The stimuli of HV were vocal sounds of “na” from 8 males (M) and 8 females (F) (NTT-Tohoku University Speech Data Set for Word Intelligibility Test based on Word Familiarity (FW03) and “Spoken Language” and the DSR Projects Speech Corpus (PASL-DSR, Itahashi, 1991), Speech Resources Consortium, National Institute of Informatics, Tokyo, Japan). The training and probe stimuli were created as the same as Experiment 1. Same procedure to create the stimuli used in Experiment 1 was used for BV experiment.

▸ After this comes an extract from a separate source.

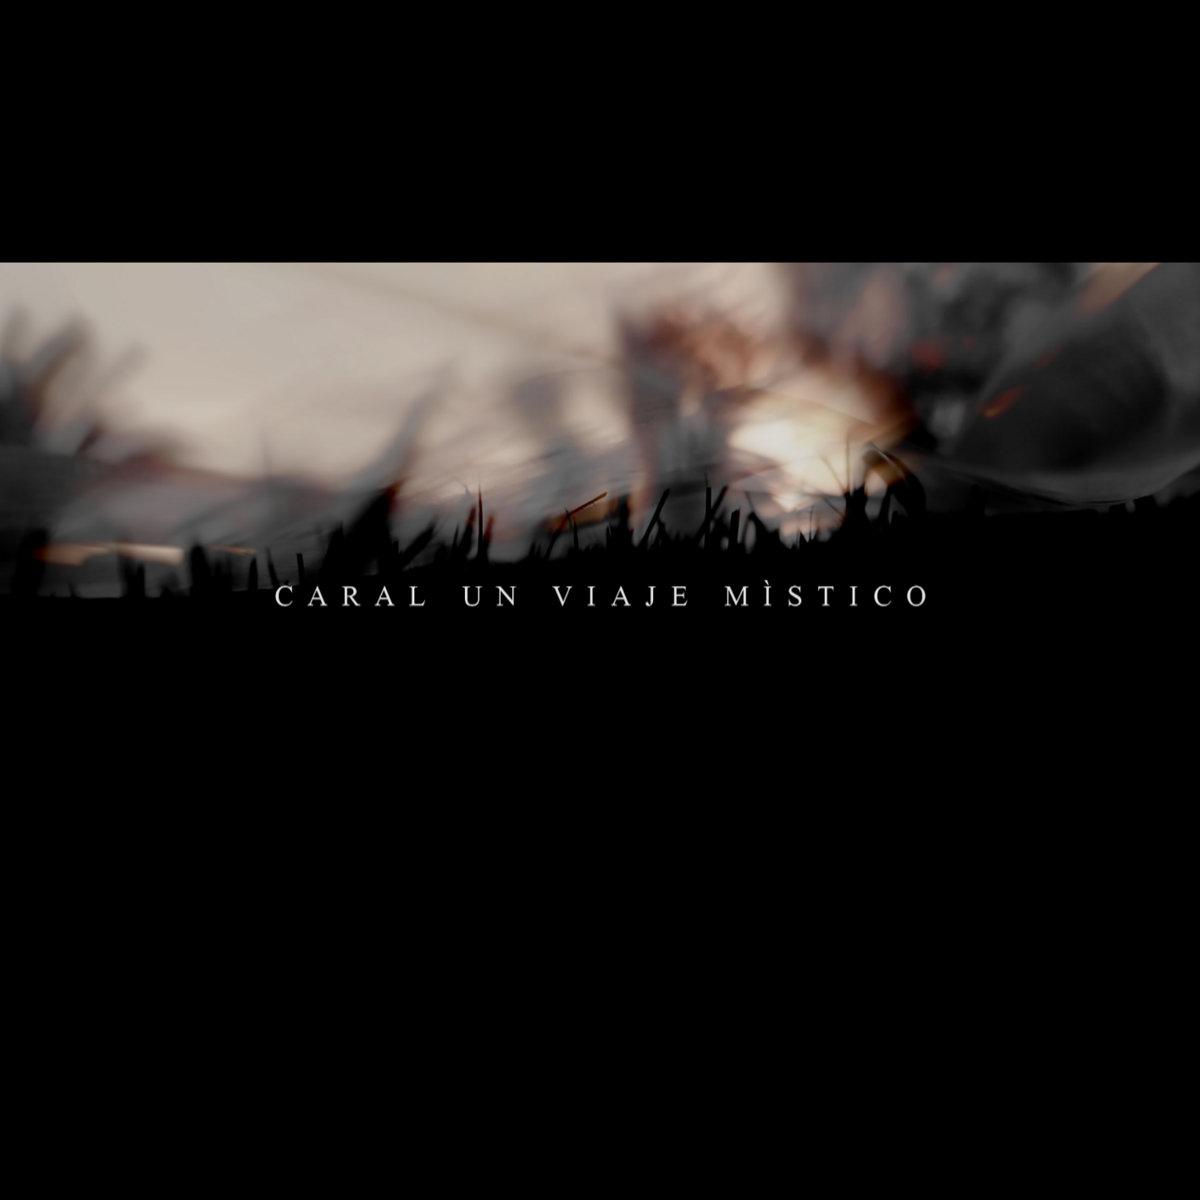 https://dhaturarecords.bandcamp.com/album/caral-un-viaje-mistico-vol-1

Basic procedure was almost the same as Experiment 1, although all data collection was done in only one session. The flow of the experiment was following; a green square appeared on the monitor at the beginning of each trial. The square disappeared following a key-press and a sound stimulus was played back immediately. Then, a red square appeared after delivery of the sound stimulus. The participants were given 800 ms with a presentation of a red square to decide either pressing the key or not. Then, a feedback sign (either “a circle,” which means a correct sign in Japan, or “a cross” representing a false sign) was displayed on the monitor. A Key-press before presentation of the red square brought a warning sign and the response was a null and void, and then, the trial was repeated. Correction trials were introduced as the same as Experiment 1. ITI was 400 ms.

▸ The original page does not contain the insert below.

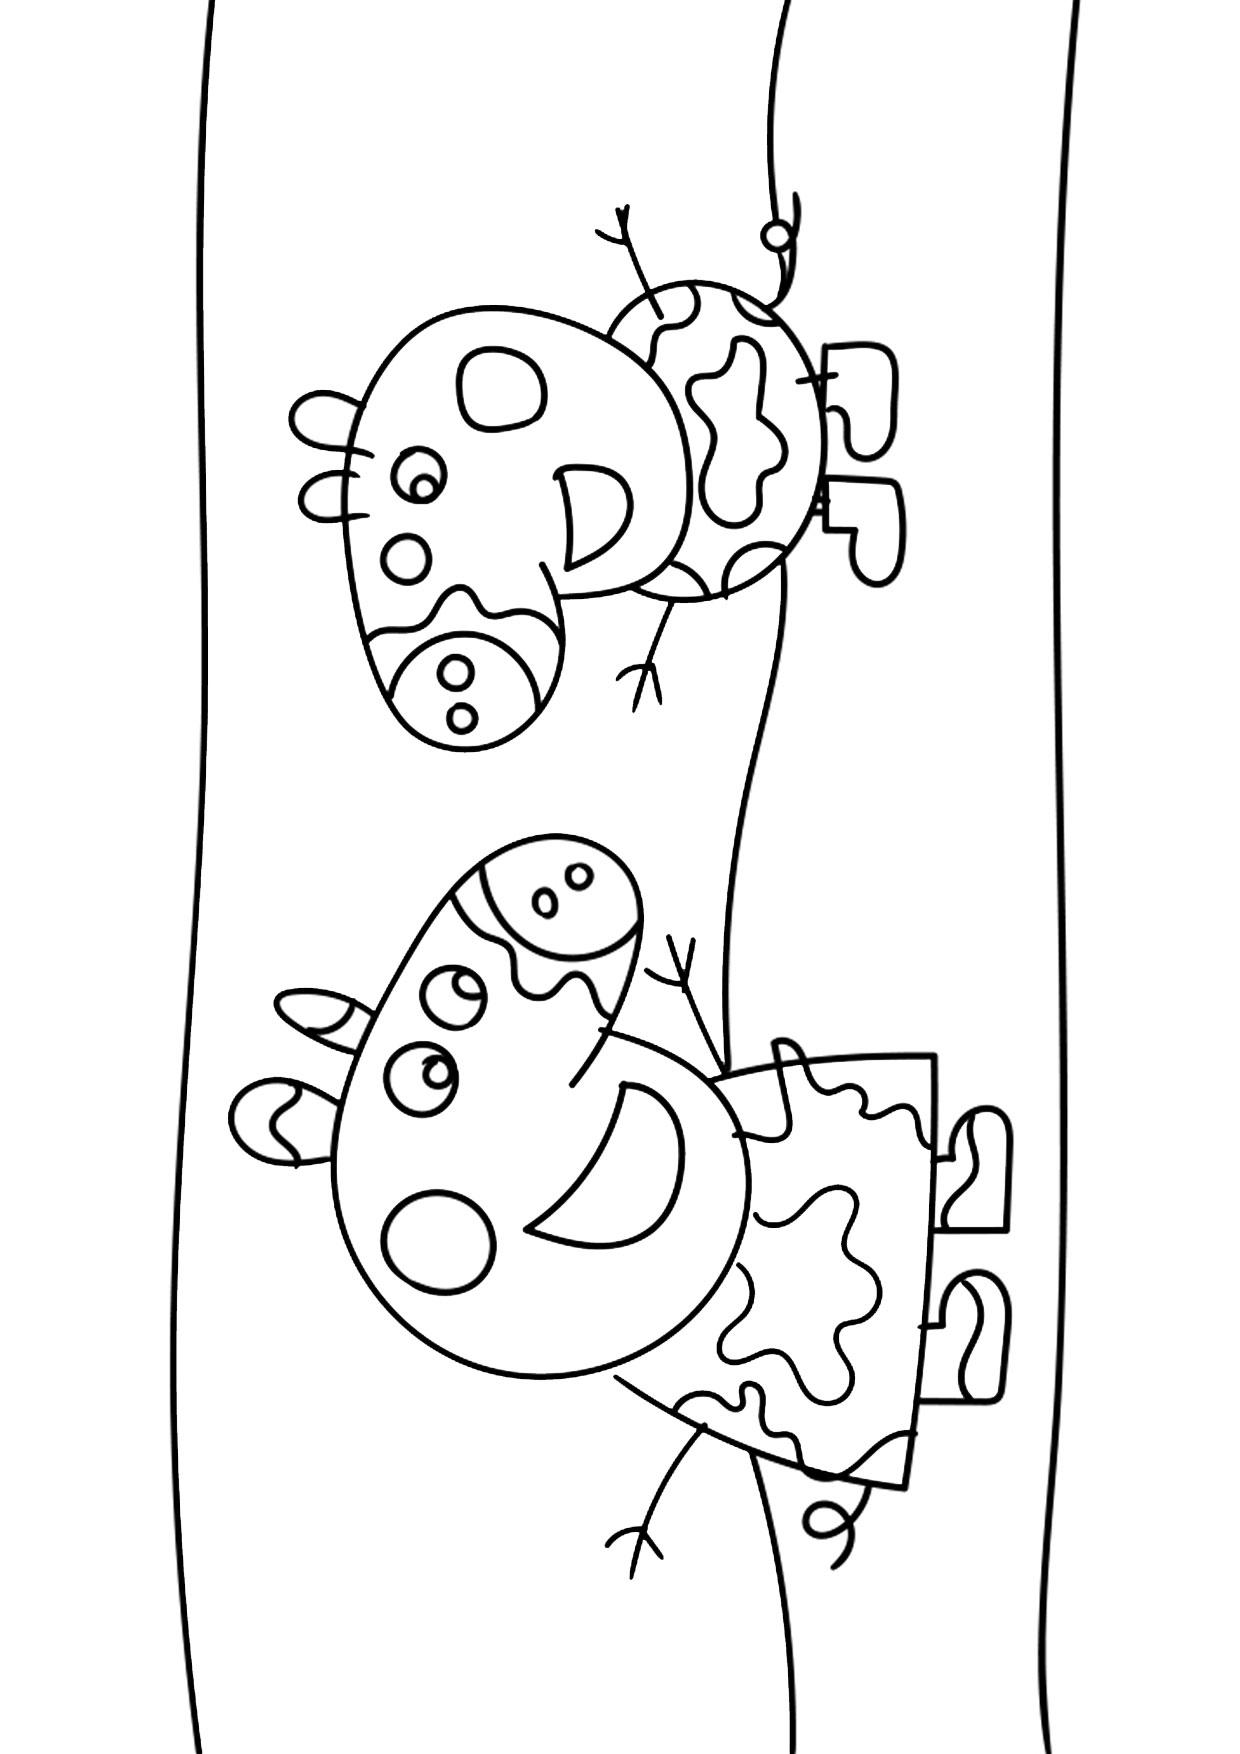 Disegno Peppa Pig da colorare 33

When the correct response rate reached 80% in the last 50 trials, the test period began immediately without notice and probe trials were randomly interspersed among the normal training trials at 10% probability. In this experiment, the “transfer test” was omitted. The total number of probe trial was 60 (30 probe ABB and 30 probe AAB) as the same as the birds' experiment. No feedback was given for each probe trial.

The participants were instructed that they need to make higher correct percent as much as possible to finish the experiment soon. Because they were notified that the reward was fixed (1000 JPY), depending on neither the time period nor the number of trial, we can assume that the participants tried to finish the task as soon as possible, so that a positive sign (i.e., a circle) should be a reward for them. The experimenter never told them about anything related to rules or sequences of the sound stimuli. Following the experiment, the participants answered a short questionnaire, which asked them (1) whether they noticed any rules for the sound sequences, and (2) how they discriminated the stimuli.


Experiment 1: Bengalese Finches

All birds met the criterion in 33–227 sessions (103.9 ±23.2, Mean ± SE). No significant effect of sound sequence combination on session number was found; between GO-AAB / NOGO-ABB and GO-ABB / NOGO-AAB groups (98.4 ± 35.6, 110.8 ± 32.9 sessions; w = 7, p = 0.56, Wicoxon rank sum test), between MFF-MMF and FMM-FFM groups (115.0 ± 31.3, 90.0 ± 38.3 sessions; w = 13, p = 0.56, Wicoxon rank sum test). We obtained data for all birds on the transfer test; however, one bird died and another had difficulty meeting the criterion before the rule-generalization test. Therefore, only seven birds participated in the second test.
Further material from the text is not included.